Fix infinite loop due to integer overflow when reading large strings #1350

Closed adamjshook closed 1 month ago

adamjshook commented 1 month ago

If the StreamReadConstraints are set to Integer.MAX_VALUE, reading a large string results in an infinite loop due to the value of max overflowing to a negative value. while (ptr < max) is always false so break ascii_loop is never reached.

This change uses Math.addExact to throw an ArthimeticException if an overflow were to occur and sets max to max integer, allowing the loop to break and large strings to be properly deserialized.

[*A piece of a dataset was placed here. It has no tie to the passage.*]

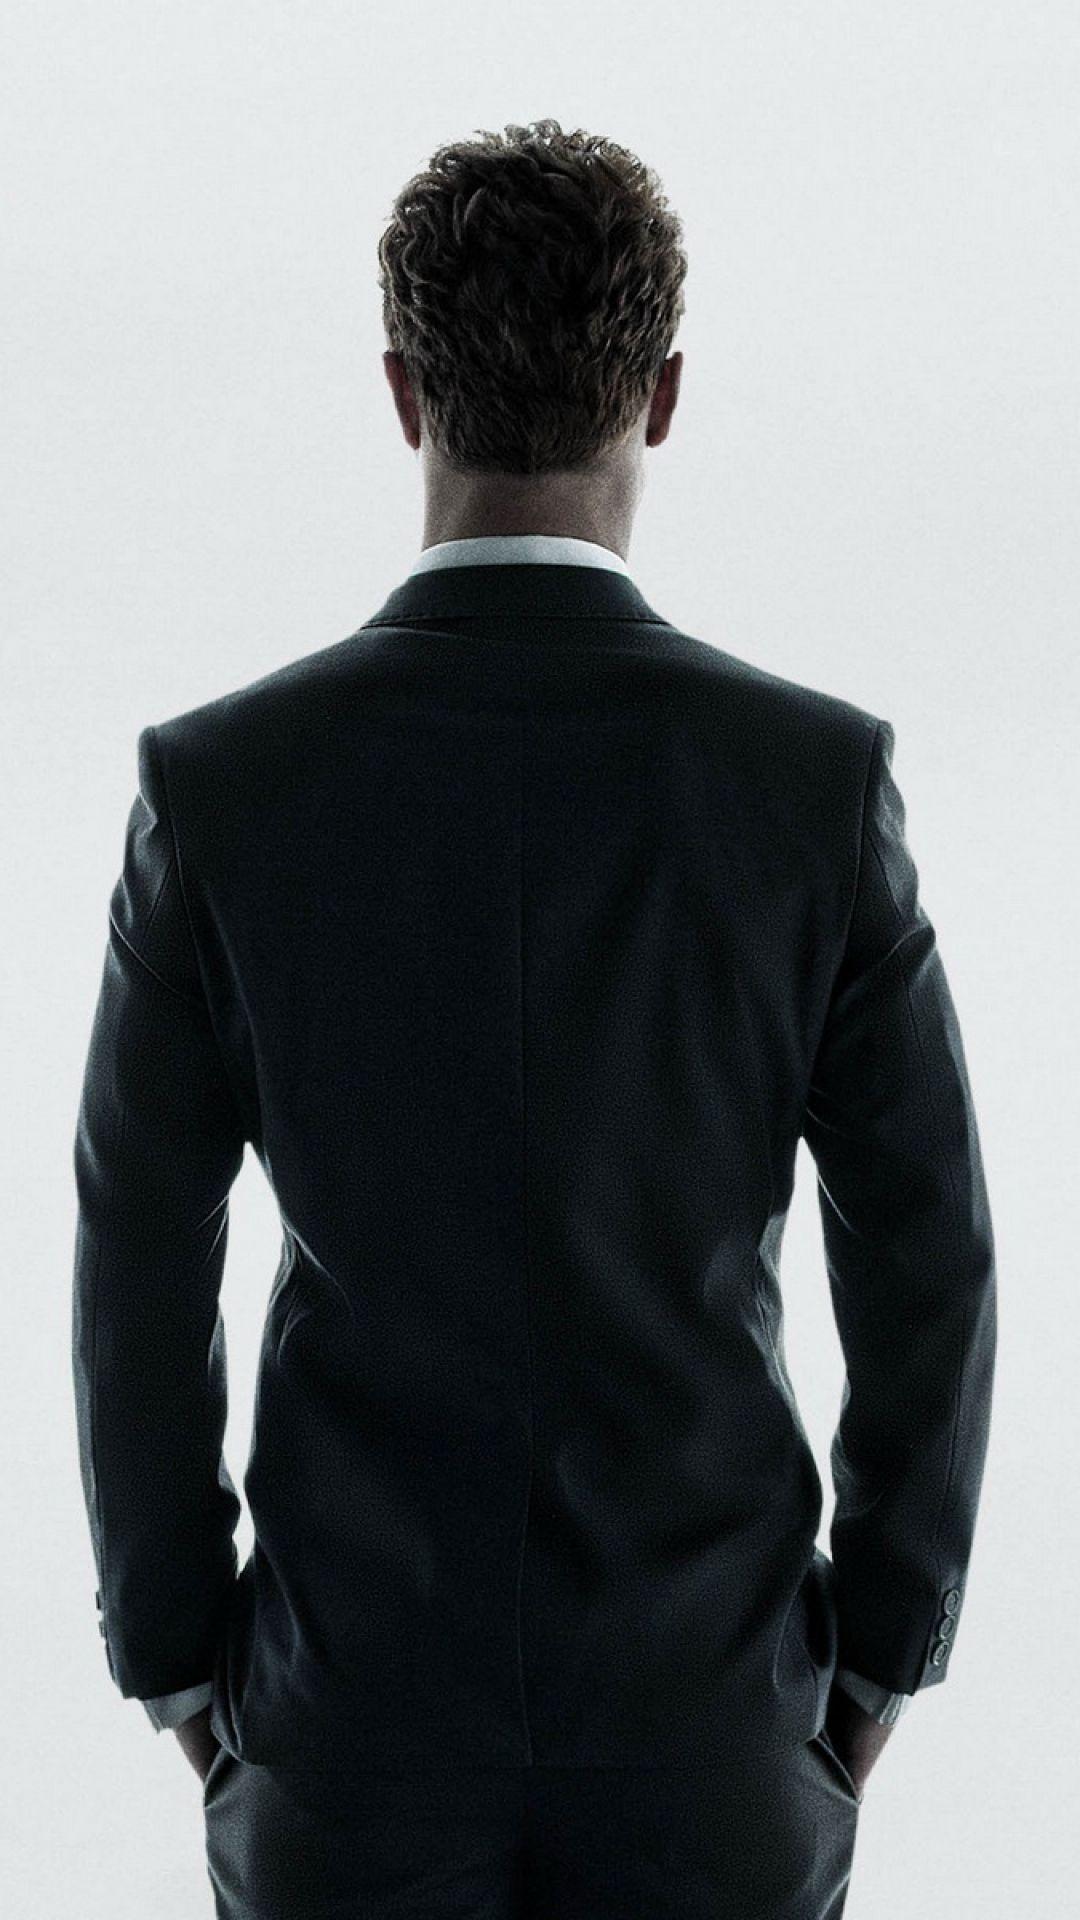 Fifty Shades Of Grey Black Suit Android Wallpaper free download

This can be reproduced like so, where the call to nextTextValue will trigger the infinite loop. After applying the patch, the code completes. I can add the test case somewhere (or put it in a new test class) however it requires a large JVM to run and I'm not sure the size of the JVMs used for testing.

    @Test
    void testLargeStringDeserialization() throws Exception {
        String largeString = RandomString.make(Integer.MAX_VALUE - 1024);
        JsonFactory f = JsonFactory.builder()
                .streamReadConstraints(StreamReadConstraints.builder()
                        .maxStringLength(Integer.MAX_VALUE)
                        .build())
                .build();
        ByteArrayOutputStream bytes = new ByteArrayOutputStream();
        JsonGenerator g = f.createGenerator(bytes);
        g.writeString(largeString);
        g.close();

        JsonParser parser = f.createParser(bytes.toByteArray());
        String parsedString = parser.nextTextValue();

        assertEquals(largeString, parsedString);
    }
pjfanning commented 1 month ago

Fair enough. Can't you add the test in the PR?

adamjshook commented 1 month ago

Fair enough. Can't you add the test in the PR?

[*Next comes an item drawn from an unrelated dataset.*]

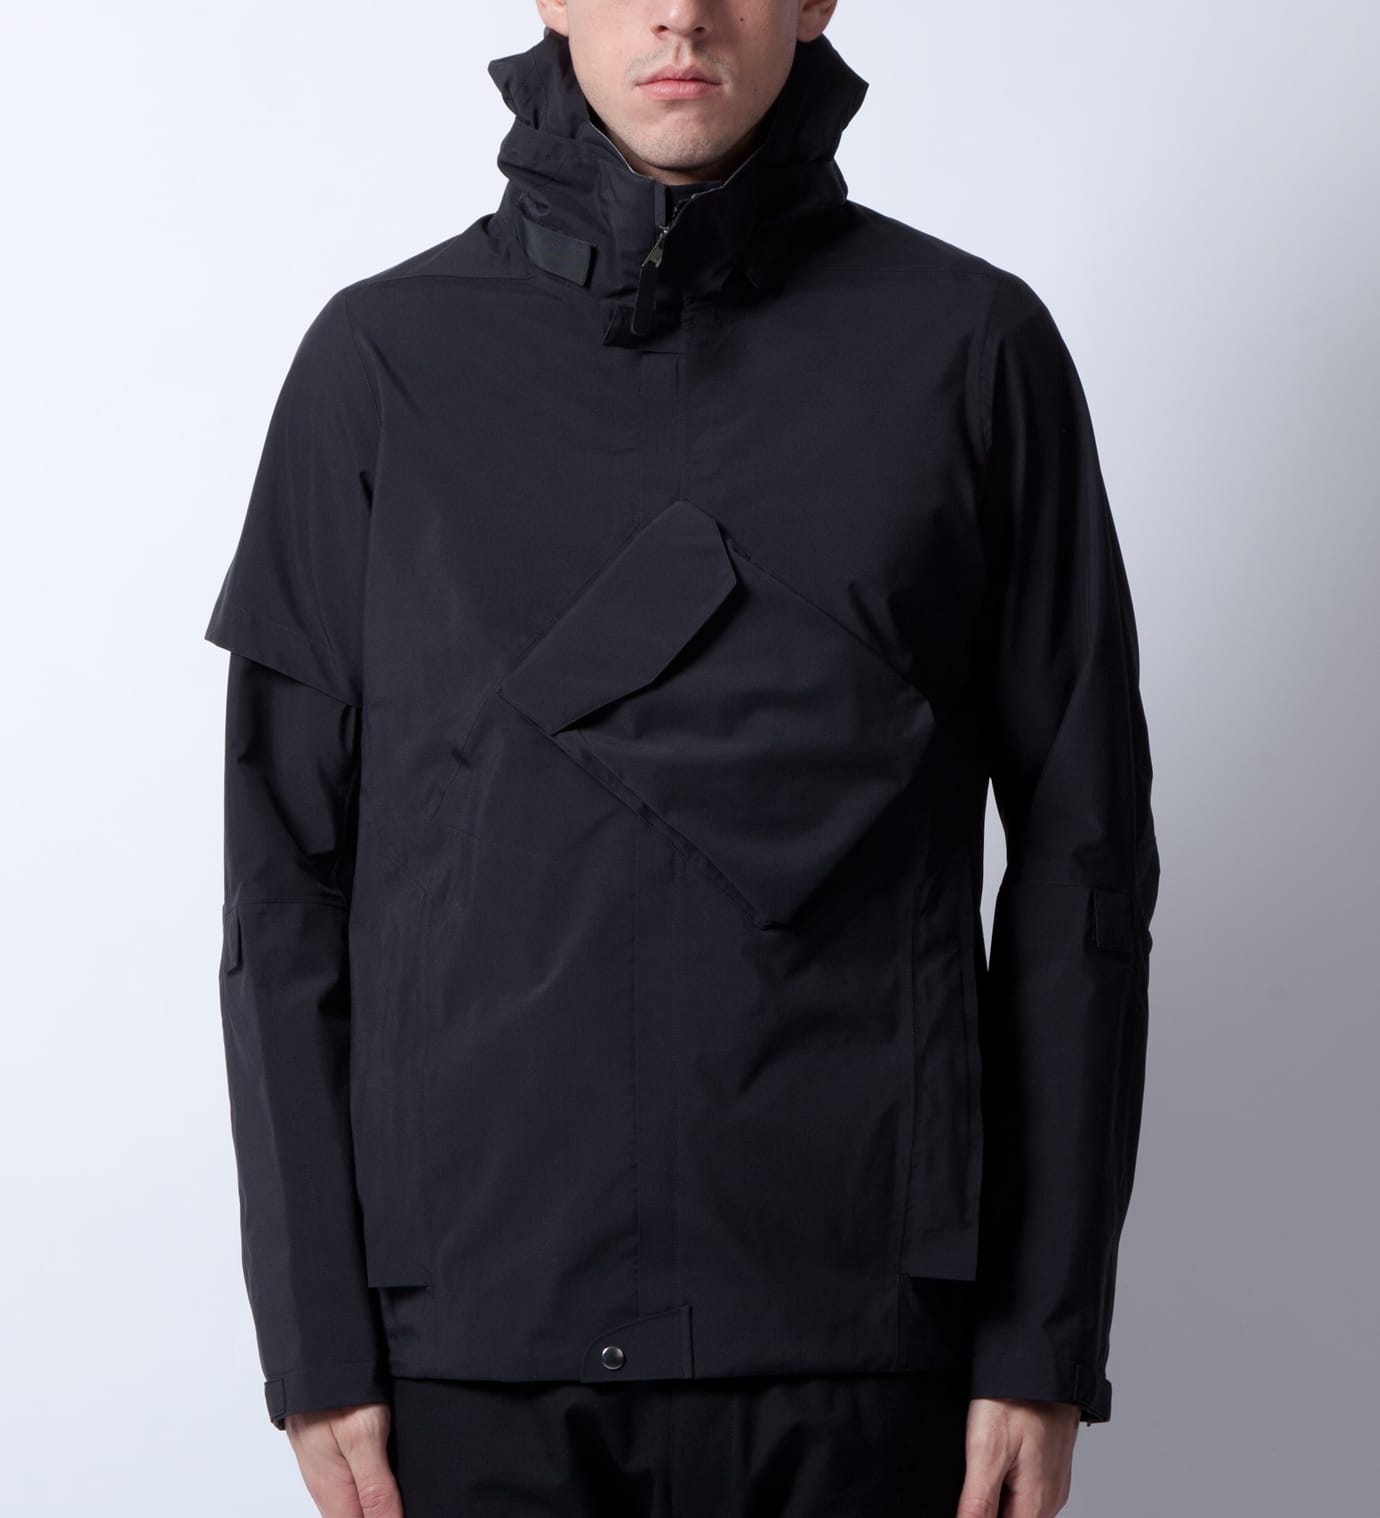 ACRONYM - Black J36-GT Jacket | HBX - Globally Curated Fashion and

Added the test case but I see the jobs are failing with Java heap space errors. The JVMs would need to be scaled up for the test and I'm not sure the appetite on that one for this change. I needed to set the JVM args to 16G to get it to pass.

pjfanning commented 1 month ago

@cowtowncoder is there some kind of annotation or pattern that we could use to mark a test as too big to run normally?

pjfanning commented 1 month ago

@adamjshook The same issue appears to occur in 2 places in NonBlockingUtf8JsonParserBase - https://github.com/search?q=repo%3AFasterXML%2Fjackson-core%20%22ptr%20%2B%20(outBuf.length%20-%20outPtr)%22&type=code

And one more: https://github.com/FasterXML/jackson-core/blob/2128a7015a21d98ac5a2e5f55d35d0692c8f06e2/src/main/java/com/fasterxml/jackson/core/json/UTF8StreamJsonParser.java#L2779

adamjshook commented 1 month ago

@adamjshook The same issue appears to occur in 2 places in NonBlockingUtf8JsonParserBase - https://github.com/search?q=repo%3AFasterXML%2Fjackson-core%20%22ptr%20%2B%20(outBuf.length%20-%20outPtr)%22&type=code

And one more:

https://github.com/FasterXML/jackson-core/blob/2128a7015a21d98ac5a2e5f55d35d0692c8f06e2/src/main/java/com/fasterxml/jackson/core/json/UTF8StreamJsonParser.java#L2779

Sure, can update in these other places as well.

cowtowncoder commented 1 month ago

@cowtowncoder is there some kind of annotation or pattern that we could use to mark a test as too big to run normally?

I don't think there is a specific annotation.

But I think there is already one test that is skipped by default, for running long; but can then be run from IDE manually. I'll see if I can find it.

EDIT: it's in src/test/java/com/fasterxml/jackson/core/io/NumberOutputTest.java but basic @Disabled, so locally need to comment out

cowtowncoder commented 1 month ago

Ok the basic idea is sound; even if we have no way to automate test runs. I'm ok with that.

Couple of notes...

First, I think this would be good to get in 2.18(.1); while unlikely to occur, infinite loops are nasty. So I think PR should be against 2.18.

Second: I'd prefer not using exception or Math.addExact() -- can simply check that result is positive number (in this case it cannot roll over to 0). But I think it could/should be extracted as a helper method in a base class (I can help find the space).

adamjshook commented 1 month ago

Ok the basic idea is sound; even if we have no way to automate test runs. I'm ok with that.

I can add @Disabled to the existing test so at least it is available should someone choose to run it.

First, I think this would be good to get in 2.18(.1); while unlikely to occur, infinite loops are nasty. So I think PR should be against 2.18.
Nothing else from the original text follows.